If there is something wrong, then it's already in HEAD, not introduced by the patch ?

Yup, that's what I meant with "The fact we are green here probably indicates there's something wrong and not test covered atm."

Then, if something is wrong with how langcodes are assigned, it needs to be fixed/changed upstream, but this doesn't affect the consuming code.

Ok, but we can't provide here tests that "legalize" a wrong behavior, better leaving that uncovered for now.

yched’s picture

Well, those tests have the merit of making clear what HEAD does atm, which IMO is a good thing since we seem to be very unclear on that. Then, if we change some multilingual logic later, it's at least clear what we change from and what we change to ?

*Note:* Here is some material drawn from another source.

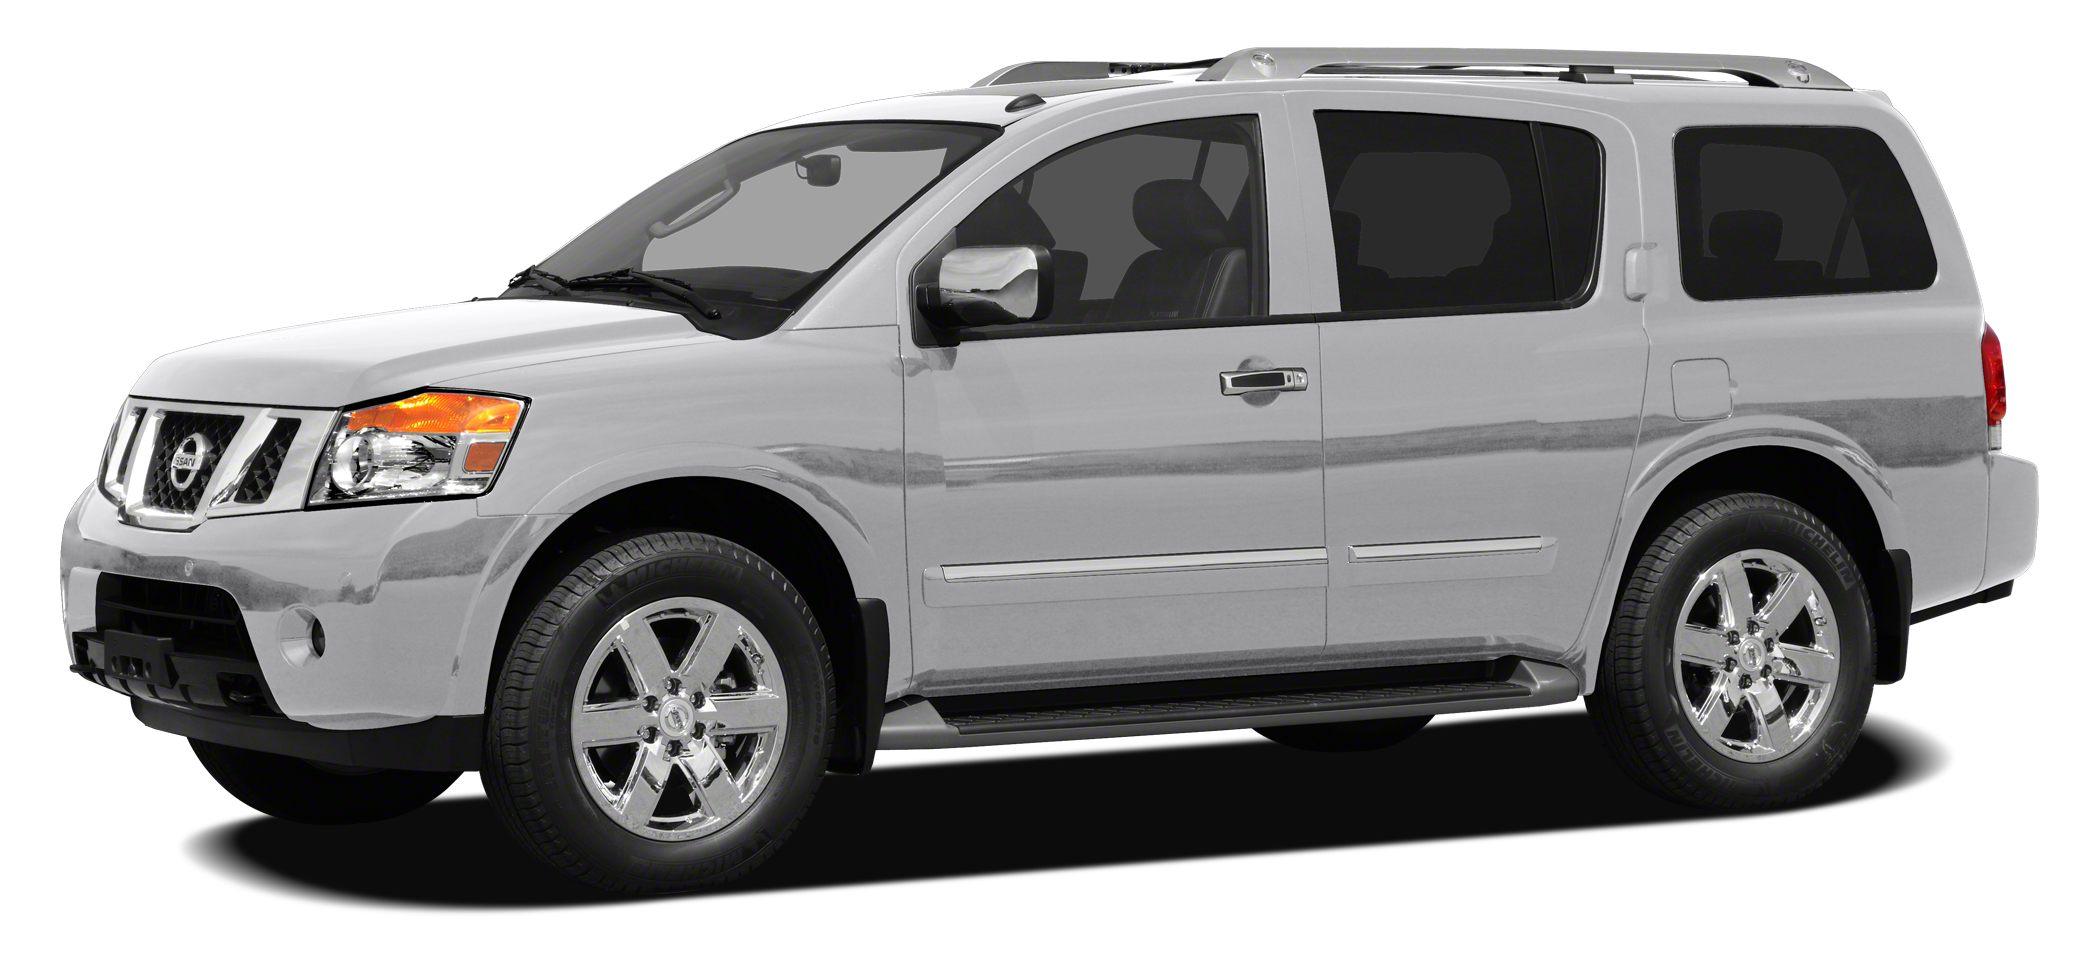 2010 Nissan Armada Platinum Miles 116303Color Silver Lightning Stock AN605341 VIN 5N1BA0NFXA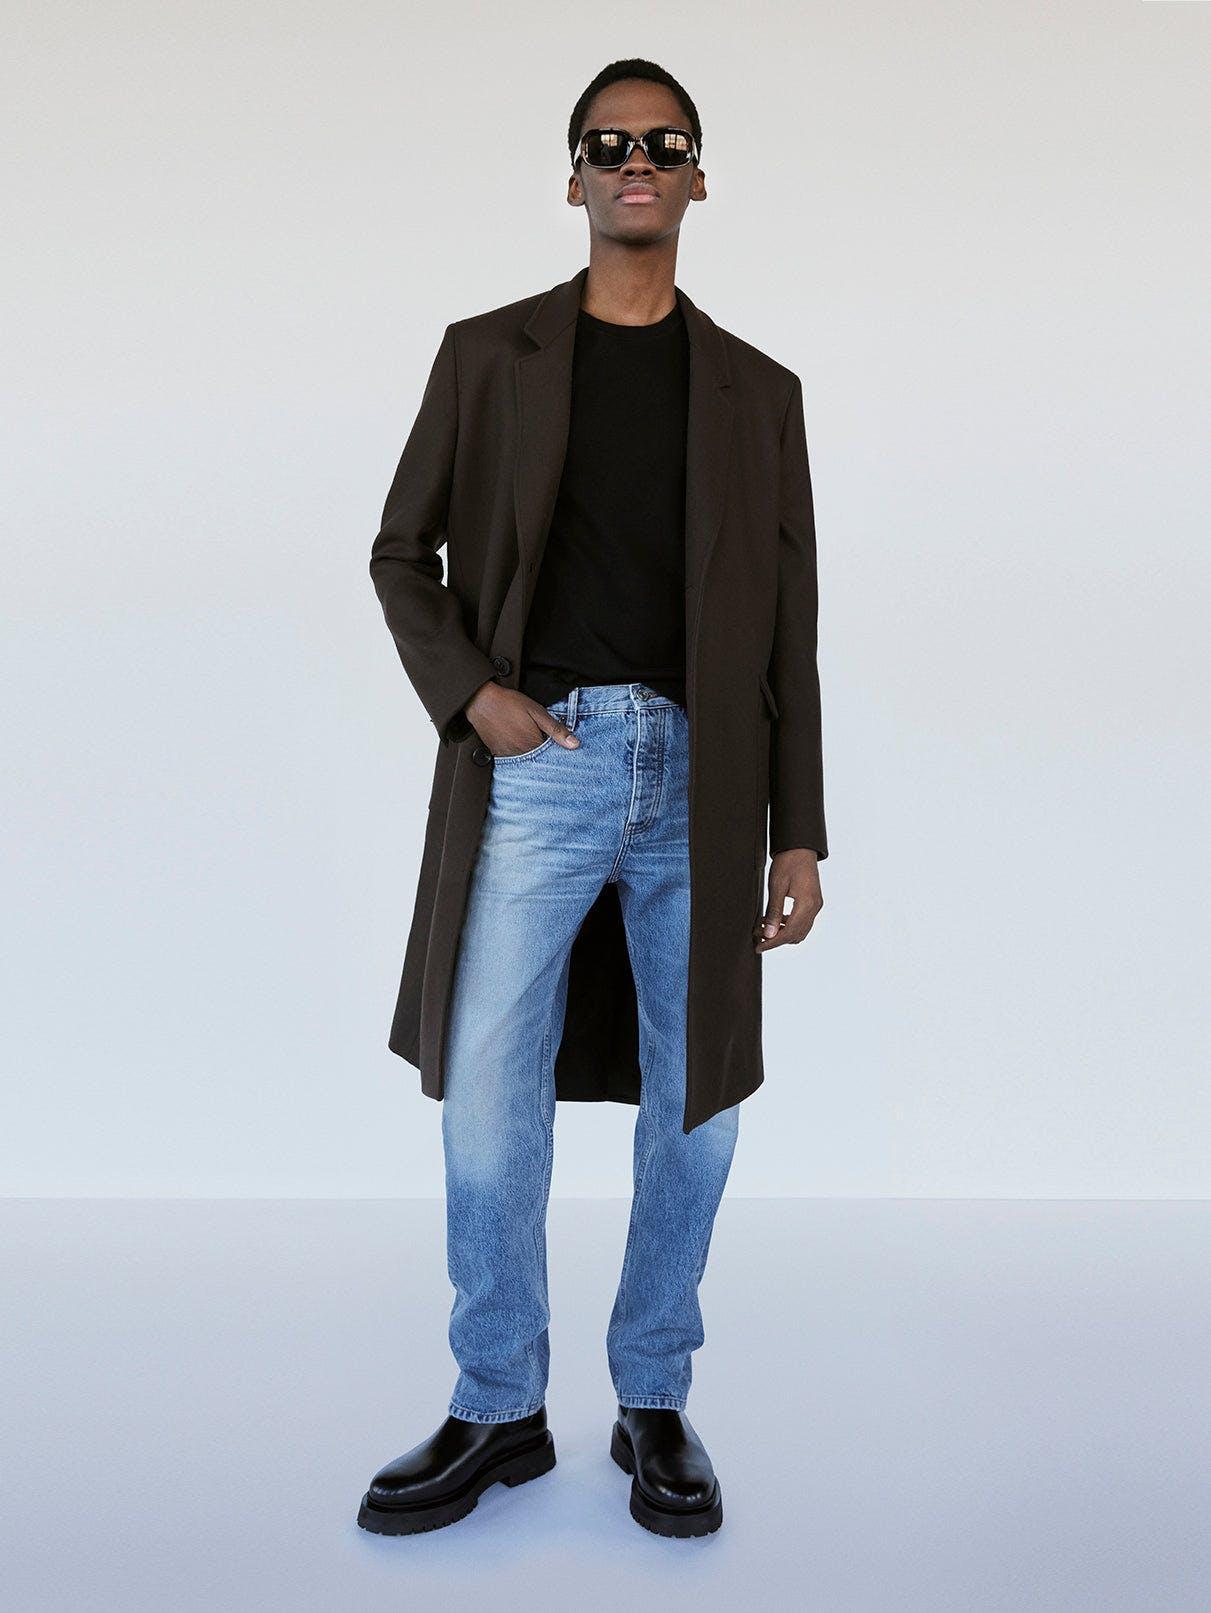 coat full body view

But I can go both ways and remove the tests if you prefer.

Berdir’s picture

Makes sense to me as well to add tests for the current behavior, possibly with a "@todo: This tests the current behavior, fix in ..." ?

Could the storage stuff be related to the fact that the storage code still uses the BC decorator? (@plach, we need your help in #1983554: Remove BC-mode from EntityNG to implement that correctly, might need the language fallback issue, not sure) The very point of that seems to simulate the old behavior...

plach’s picture

Status: Needs review » Reviewed & tested by the community
catch’s picture

Title: Field/FieldItem value objects should carry their language » Change notice: Field/FieldItem value objects should carry their language
Status: Reviewed & tested by the community » Active

I bumped the other issue to major.

Not sure about the tests here either - I guess it's OK as long as the people who refactor this are aware the tests aren't happy, this is where we could use expectedFail().

Committed/pushed to 8.x, thanks!

Could use a change notice for the new methods etc.

yched’s picture

Title: Change notice: Field/FieldItem value objects should carry their language » Field/FieldItem value objects should carry their language
Status: Active » Fixed

Change notice added at https://drupal.org/node/2082415

Status: Fixed » Closed (fixed)

Automatically closed -- issue fixed for 2 weeks with no activity.

andypost’s picture

Status: Closed (fixed) » Needs work

The change notice https://drupal.org/node/2040323 should be updated too

plach’s picture

Status: Needs work » Fixed

Done

Status: Fixed » Closed (fixed)

Automatically closed -- issue fixed for 2 weeks with no activity.